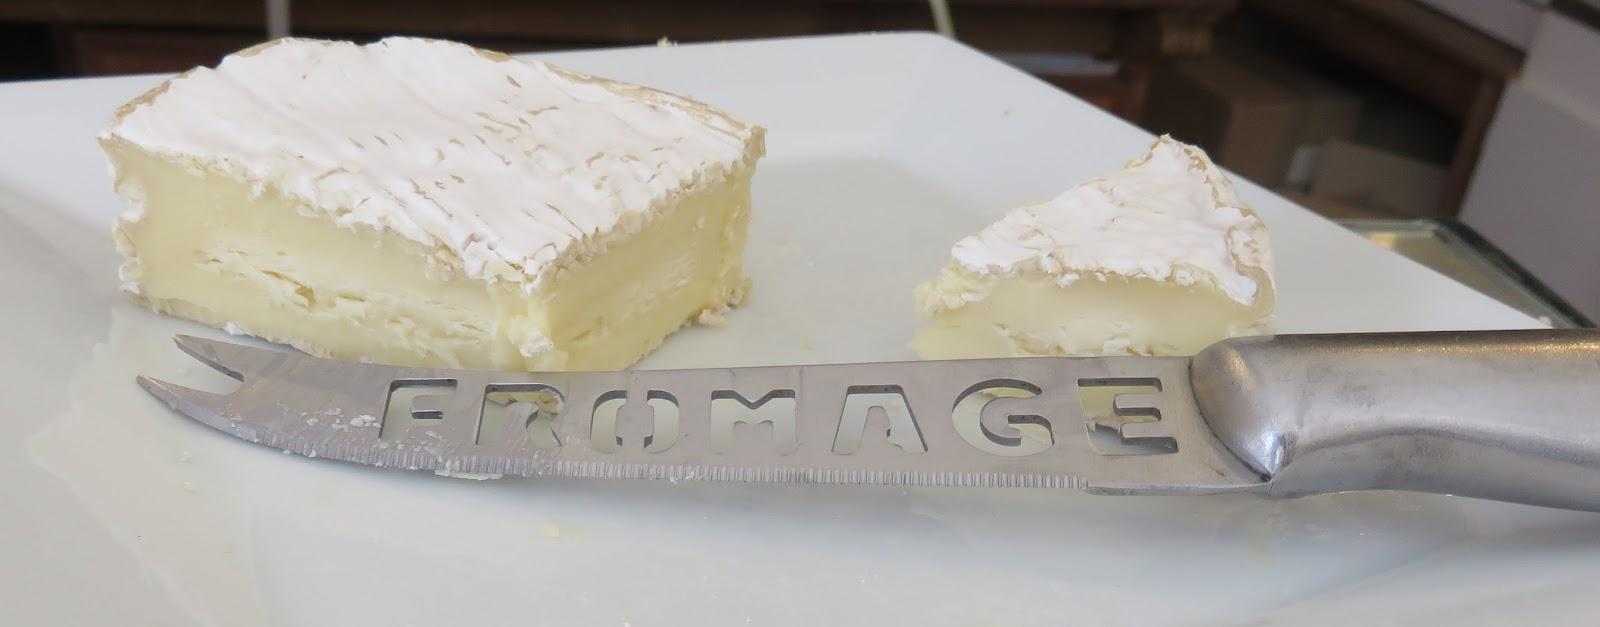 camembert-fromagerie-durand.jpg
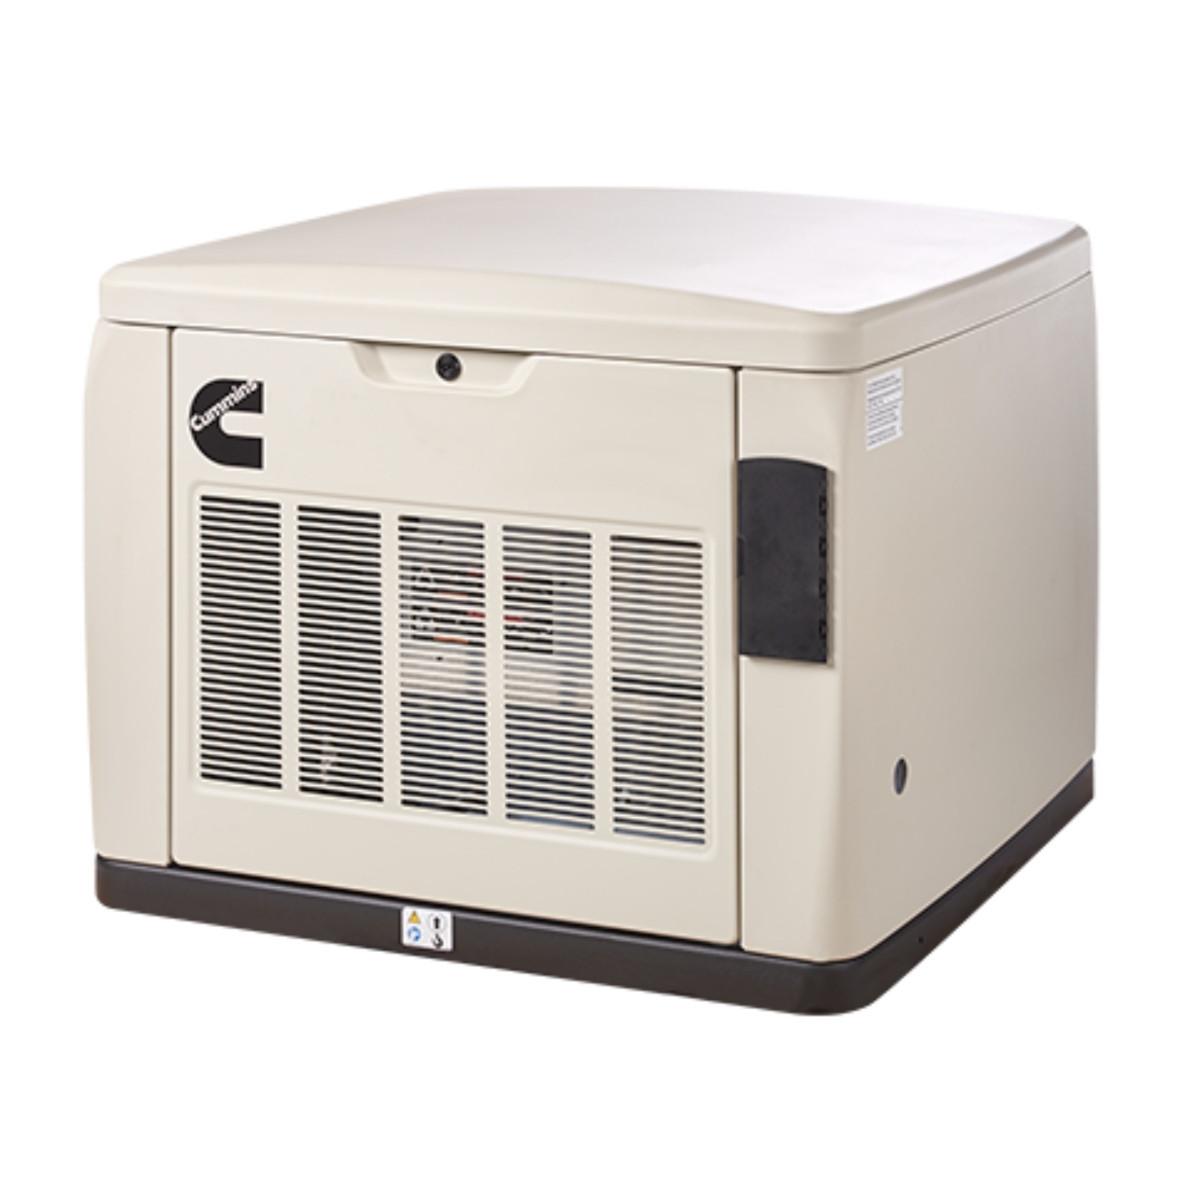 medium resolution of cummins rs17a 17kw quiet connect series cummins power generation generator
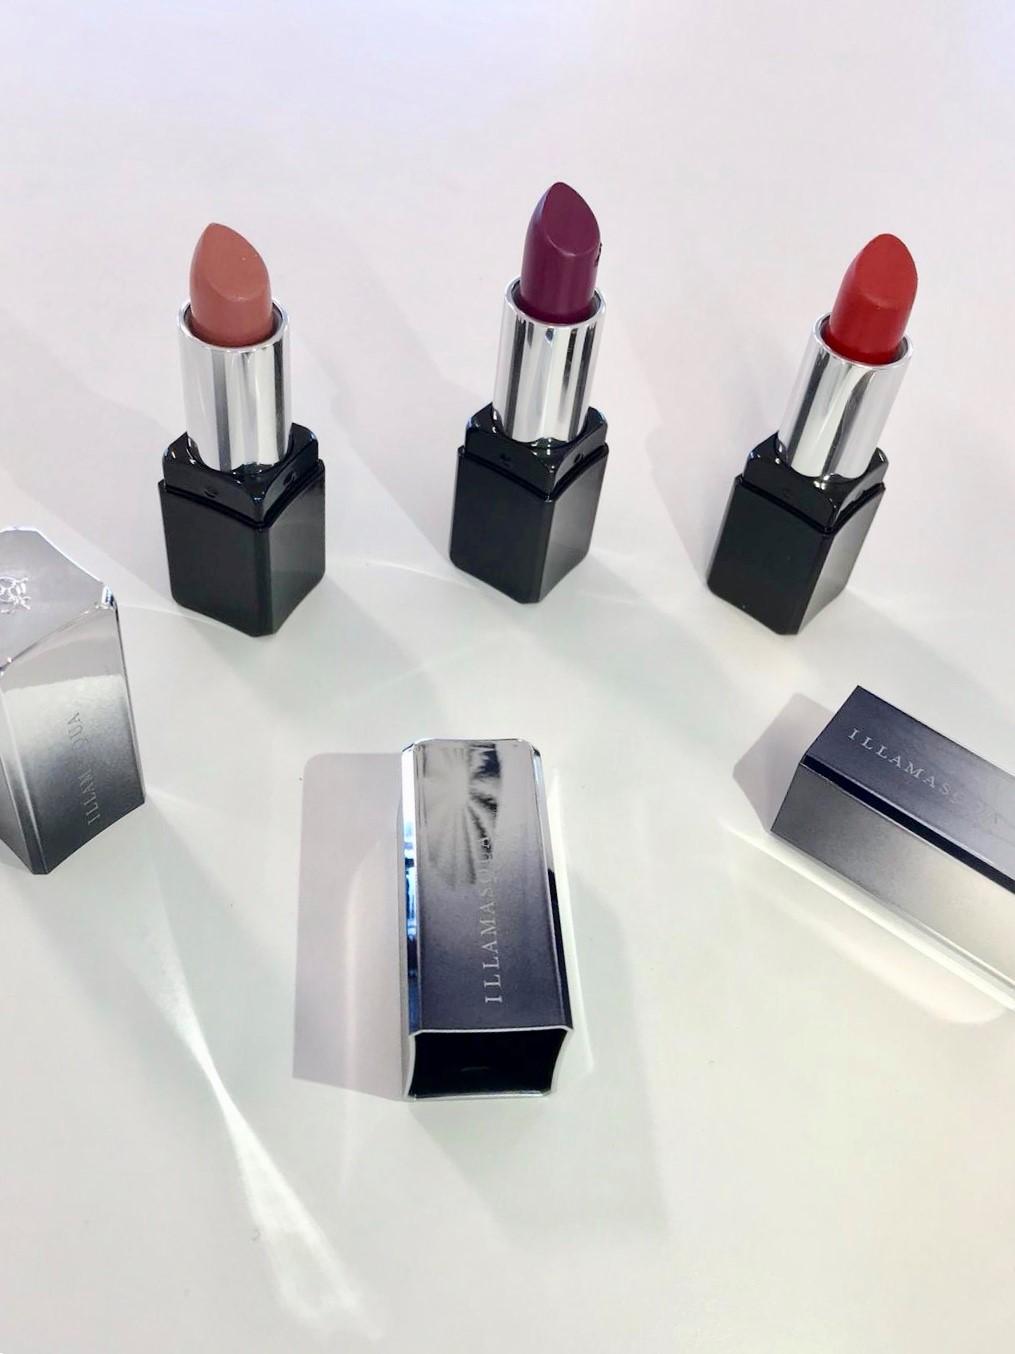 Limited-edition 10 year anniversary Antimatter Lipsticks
•••
ABOUT THIS EXERCISE: Only the lines from the line with "medium resolution of" through the closing line of the data, both included, should be set down, exactly as written and without pictures.

EXERCISE ANSWER:
 medium resolution of cummins rs17a 17kw quiet connect series cummins power generation generator
 Limited-edition 10 year anniversary Antimatter Lipsticks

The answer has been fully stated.